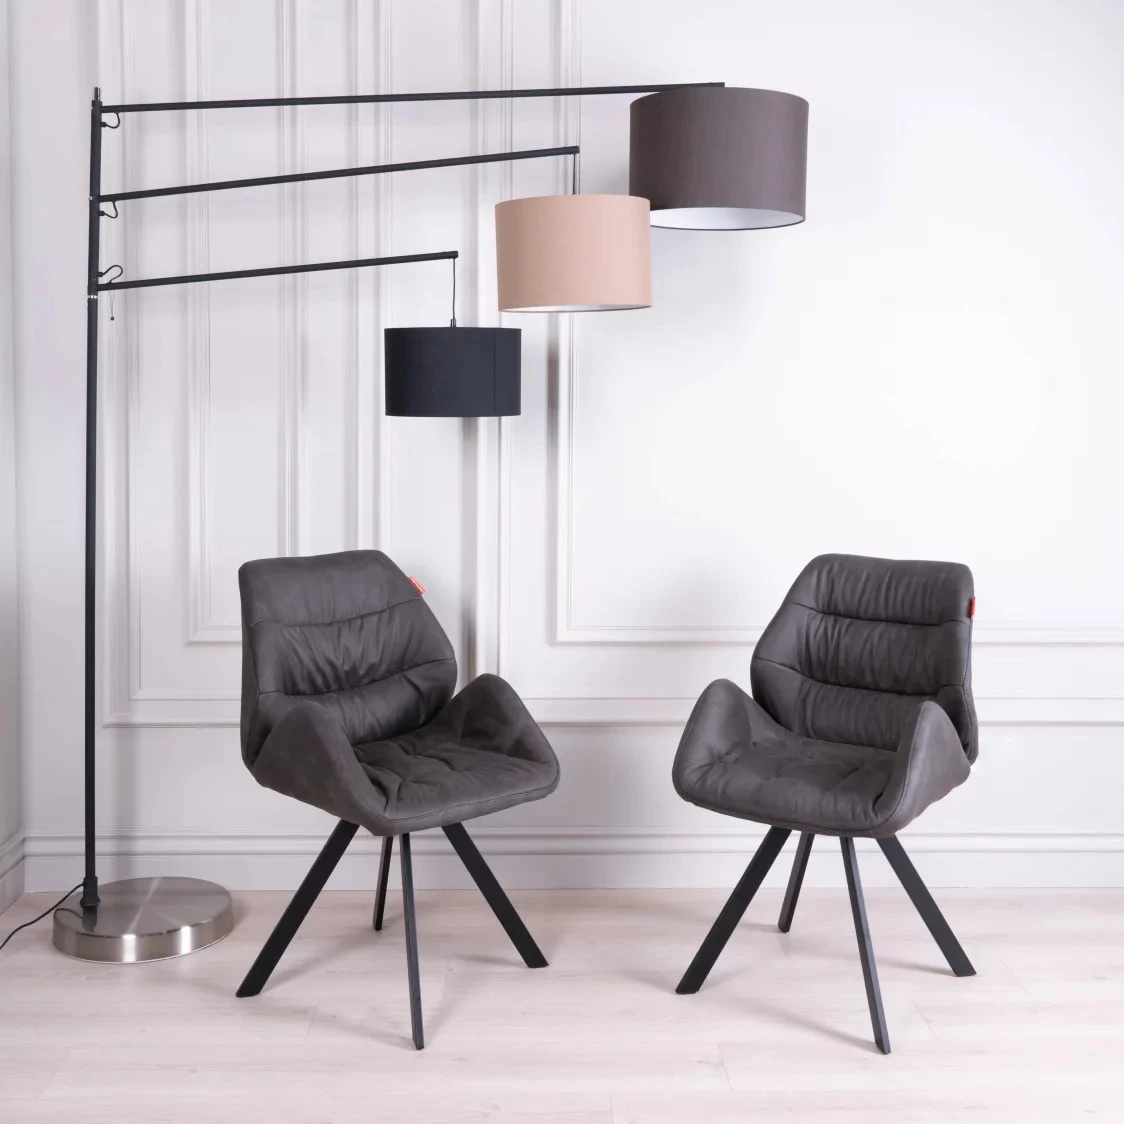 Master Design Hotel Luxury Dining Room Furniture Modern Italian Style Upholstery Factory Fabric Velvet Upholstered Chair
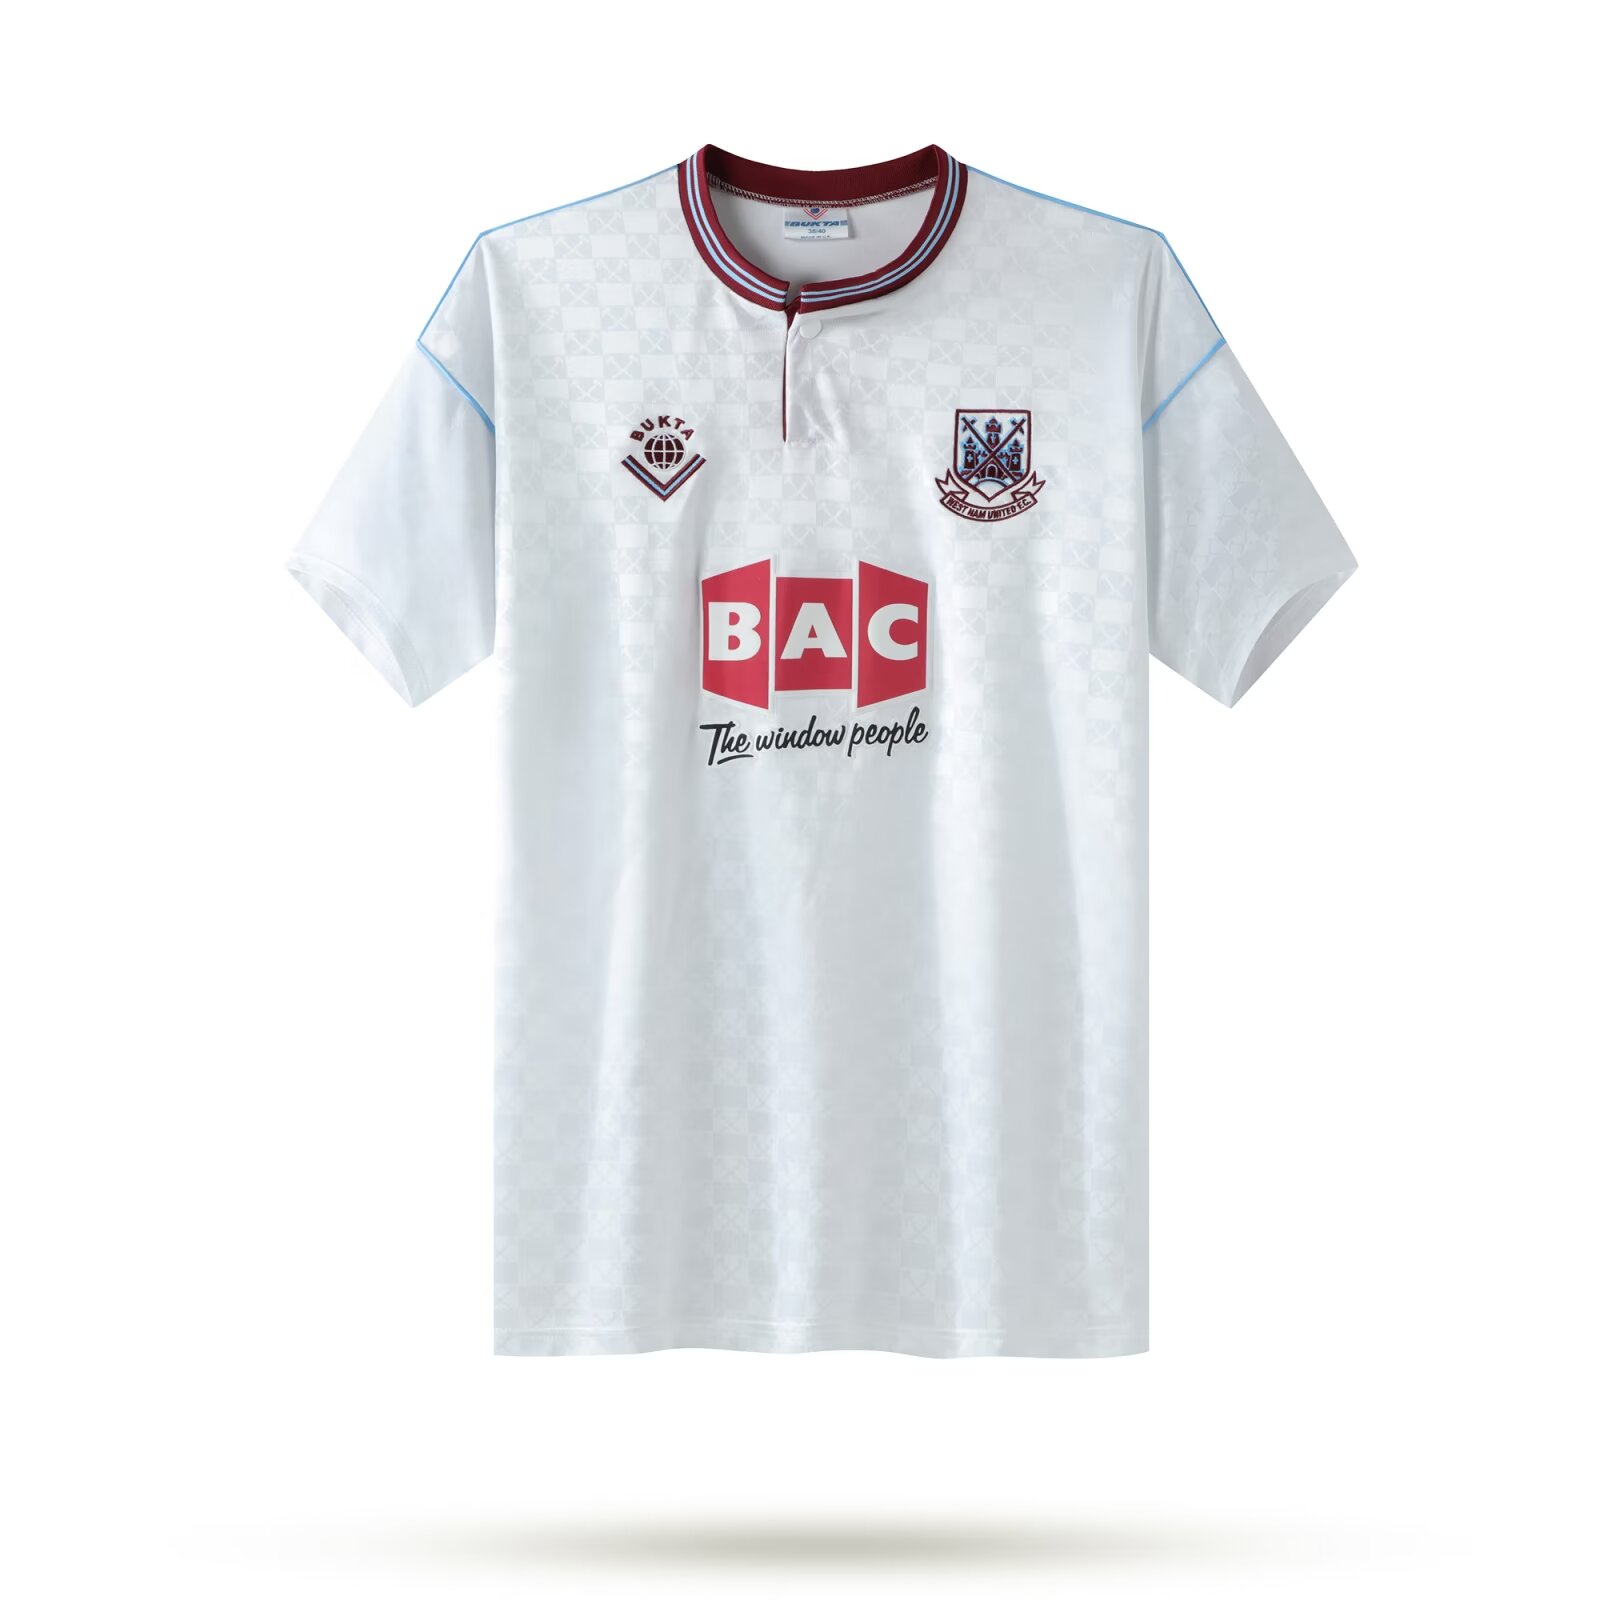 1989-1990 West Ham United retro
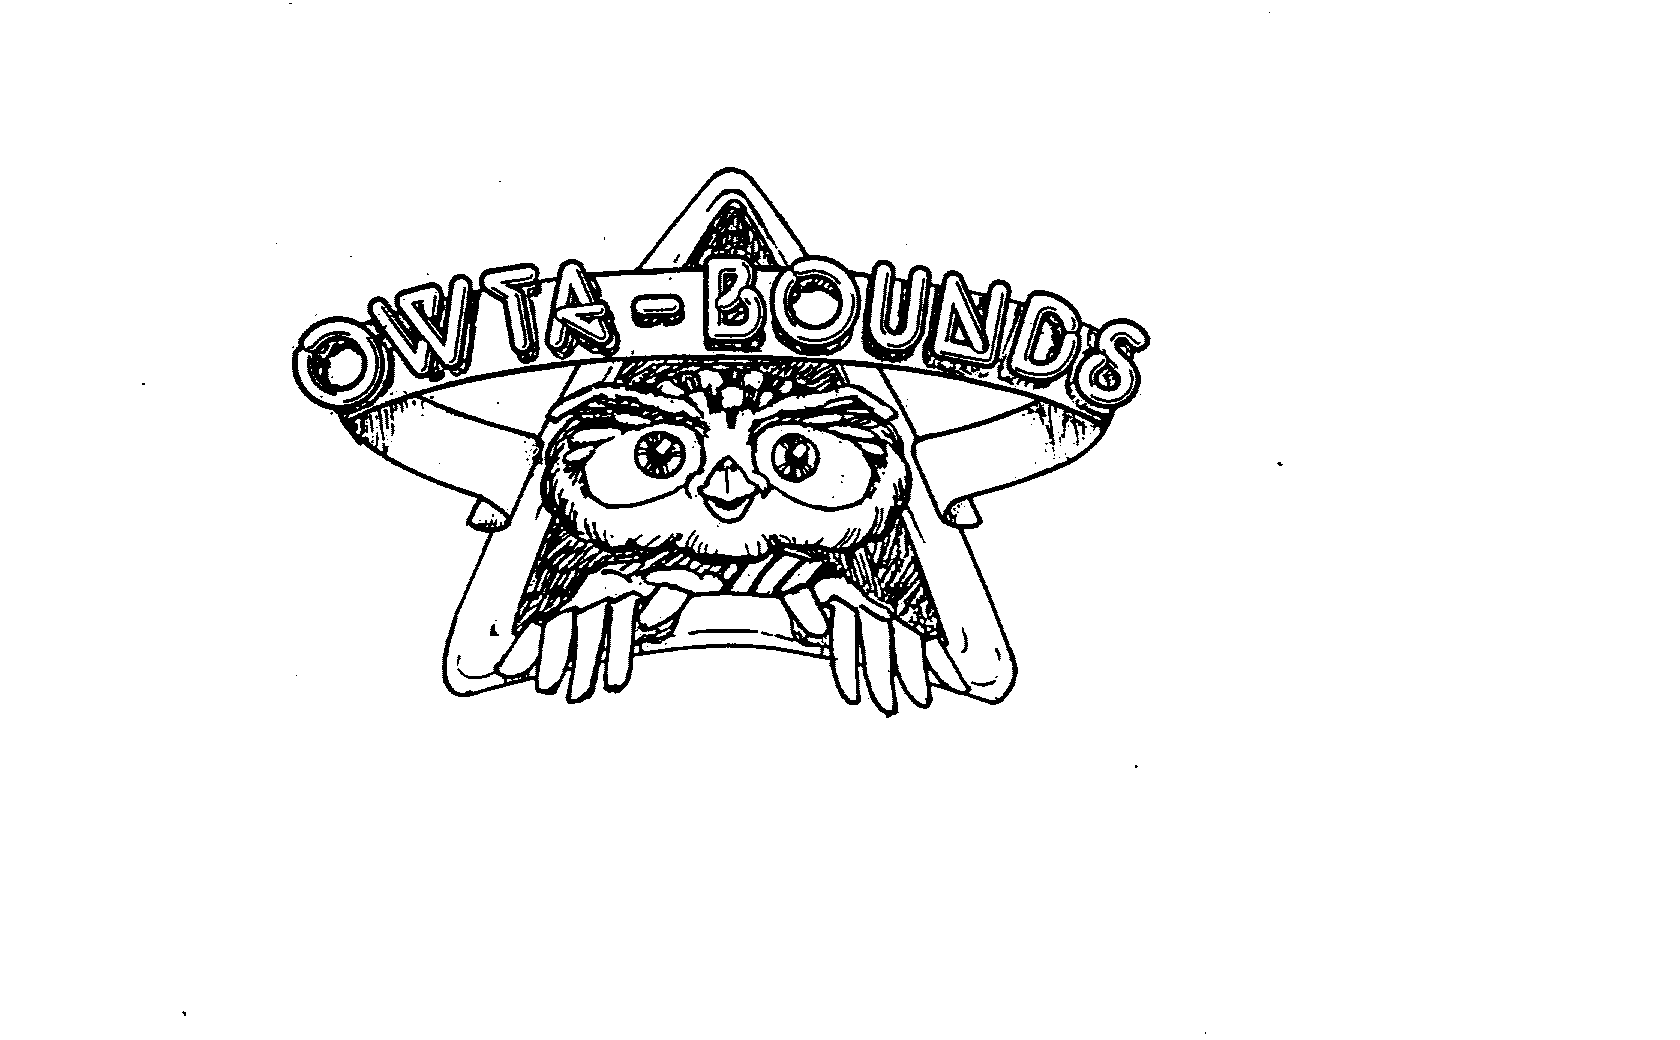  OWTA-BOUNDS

- - - - -

→ WORK TASK
Would you please copy the material exactly, leaving all the pictures out?

→ RESULT BELOW
 Master Design Hotel Luxury Dining Room Furniture Modern Italian Style Upholstery Factory Fabric Velvet Upholstered Chair
 1989-1990 West Ham United retro
  OWTA-BOUNDS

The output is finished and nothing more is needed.